◆ **WHAT TO WORK ON**:
From the records below, output exactly the lines running from the line containing "i Warsztaty pCon.planner" through the line containing "Carte Chabons Ecole", and no others.

◆ **STORED DATA**:
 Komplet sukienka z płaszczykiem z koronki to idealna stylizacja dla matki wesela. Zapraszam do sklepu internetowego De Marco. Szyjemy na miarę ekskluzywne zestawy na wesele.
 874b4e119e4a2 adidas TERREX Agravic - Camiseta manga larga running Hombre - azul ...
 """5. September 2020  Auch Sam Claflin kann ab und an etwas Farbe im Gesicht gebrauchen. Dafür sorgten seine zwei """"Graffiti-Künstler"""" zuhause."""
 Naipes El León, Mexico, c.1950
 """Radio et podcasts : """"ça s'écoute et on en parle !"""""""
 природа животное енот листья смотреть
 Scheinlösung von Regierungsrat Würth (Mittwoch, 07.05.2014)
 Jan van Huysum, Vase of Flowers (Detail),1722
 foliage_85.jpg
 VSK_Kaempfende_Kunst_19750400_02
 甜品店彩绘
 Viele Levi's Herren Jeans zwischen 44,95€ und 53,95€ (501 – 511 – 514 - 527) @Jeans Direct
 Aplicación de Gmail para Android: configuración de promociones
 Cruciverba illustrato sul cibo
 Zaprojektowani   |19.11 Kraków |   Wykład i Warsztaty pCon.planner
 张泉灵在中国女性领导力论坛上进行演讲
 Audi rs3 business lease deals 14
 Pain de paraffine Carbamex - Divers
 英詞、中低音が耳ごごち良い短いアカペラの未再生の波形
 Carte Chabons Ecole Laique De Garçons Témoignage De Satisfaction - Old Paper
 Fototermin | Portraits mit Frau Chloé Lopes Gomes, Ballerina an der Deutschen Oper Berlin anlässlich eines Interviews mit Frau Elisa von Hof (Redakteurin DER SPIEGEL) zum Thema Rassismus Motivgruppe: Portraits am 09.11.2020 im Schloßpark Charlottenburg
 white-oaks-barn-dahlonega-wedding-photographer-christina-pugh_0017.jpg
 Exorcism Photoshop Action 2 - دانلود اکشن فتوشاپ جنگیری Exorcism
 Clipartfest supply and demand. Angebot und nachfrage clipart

◆ **WRITTEN RESPONSE**:
 Zaprojektowani   |19.11 Kraków |   Wykład i Warsztaty pCon.planner
 张泉灵在中国女性领导力论坛上进行演讲
 Audi rs3 business lease deals 14
 Pain de paraffine Carbamex - Divers
 英詞、中低音が耳ごごち良い短いアカペラの未再生の波形
 Carte Chabons Ecole Laique De Garçons Témoignage De Satisfaction - Old Paper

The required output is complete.